= Najiha Al-Amiri =

Iraqi politician

Najiha Al-Amiri (born 1956) is an Iraqi politician and a member of the Council of Representatives of Iraq.

==Early life==
A Shiite Muslim, Najiha Al-Amiri was born in 1956 in Baghdad and attended the Al-Mustansiriya University.

==Career==
At a young age, Al-Amiri joined the Shiite Islamic Dawa Party and, before she could finish college, was arrested by the Ba'athist regime of Iraqi dictator Saddam Hussein in 1979. She was kept in captivity and subjected to torture. She fled Iraq with her child in 1983 and continued her opposition of Hussein's regime, for which several of her family members were murdered.

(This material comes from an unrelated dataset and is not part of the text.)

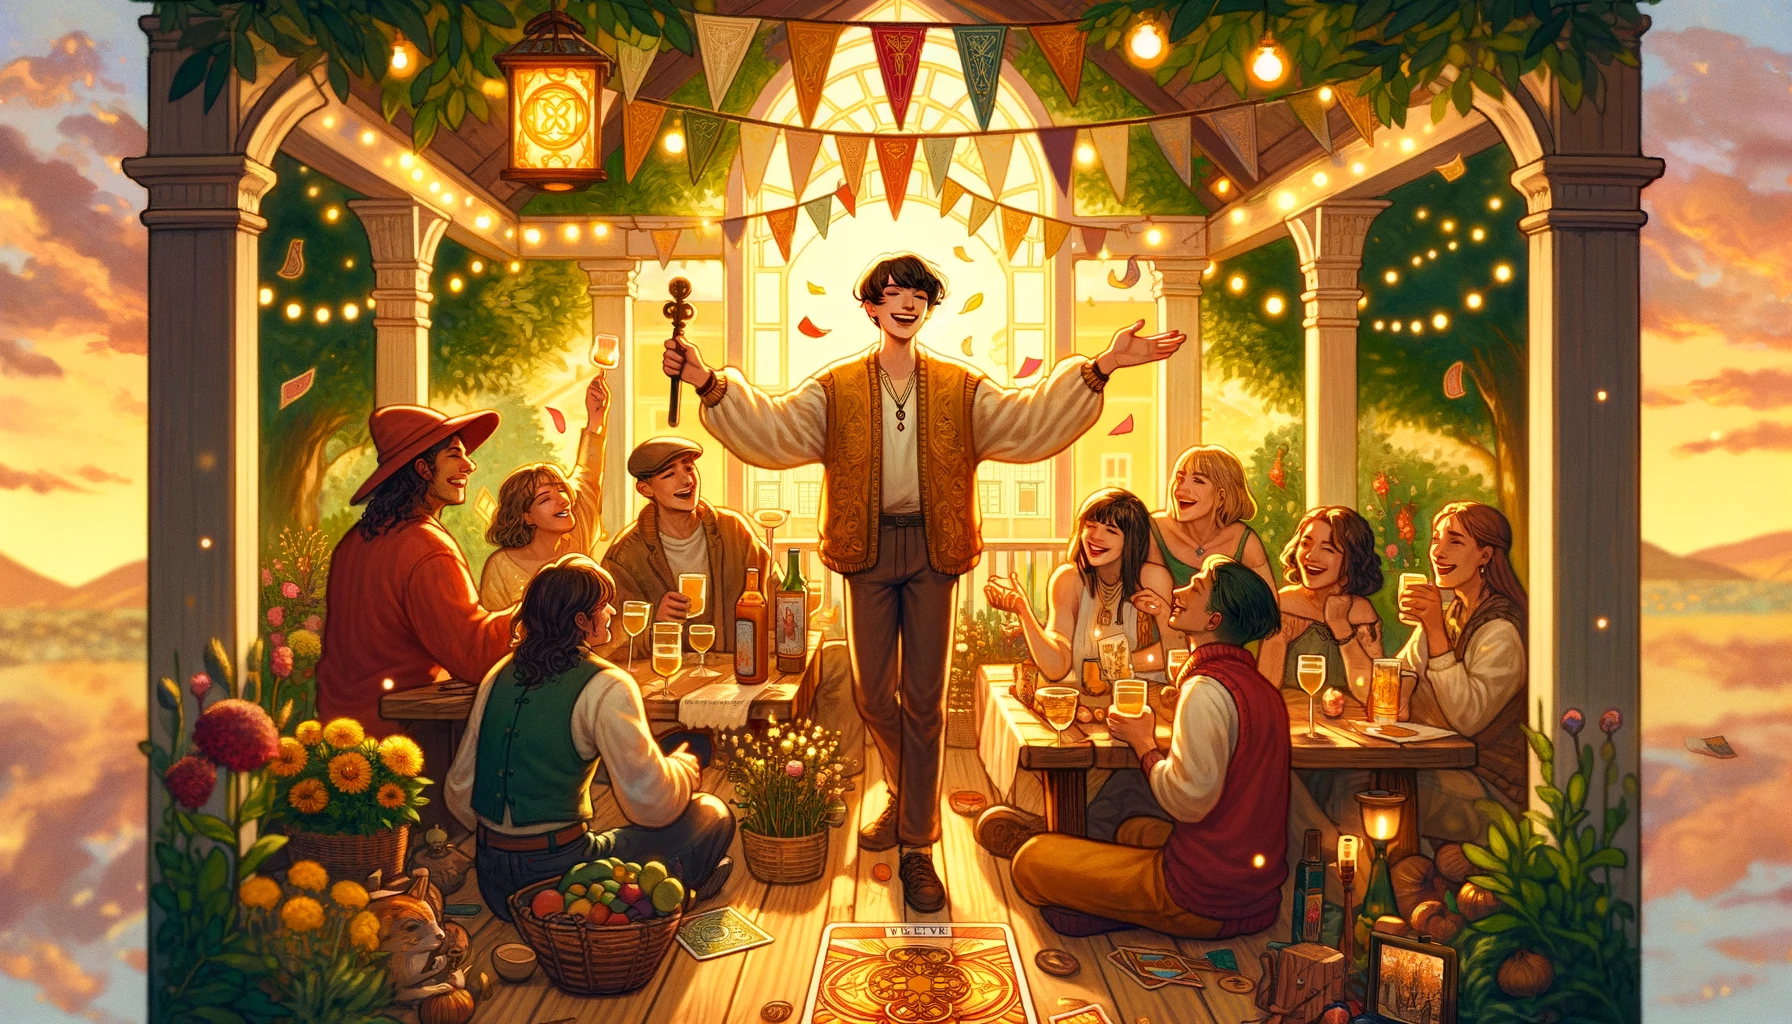 The image features a person surrounded by a jubilant community, radiating joy and celebration as they bask in the glow of their accomplishments. This visual captures the sense of belonging and positive energy associated with the card, emphasizing their influence in fostering a nurturing and celebratory atmosphere within the community.

Only after the 2003 invasion of Iraq succeeded did Al-Amiri return to Iraq. She helped establish a women's wing of the Dawa Party and founded the Islamic Women's Association. The following year, she completed her B.S. in Mathematics. She was elected to the Iraqi Transitional Assembly in 2005 and was a member of the constitutional drafting committee. In 2010, she joined the Council of Representatives of Iraq and serves on its Constitutional Review Committee and Committee on Martyrs and Political Prisoners.

==Personal life==
Al-Amiri's husband was also a member of the Islamic Dawa Party and was killed in 1980.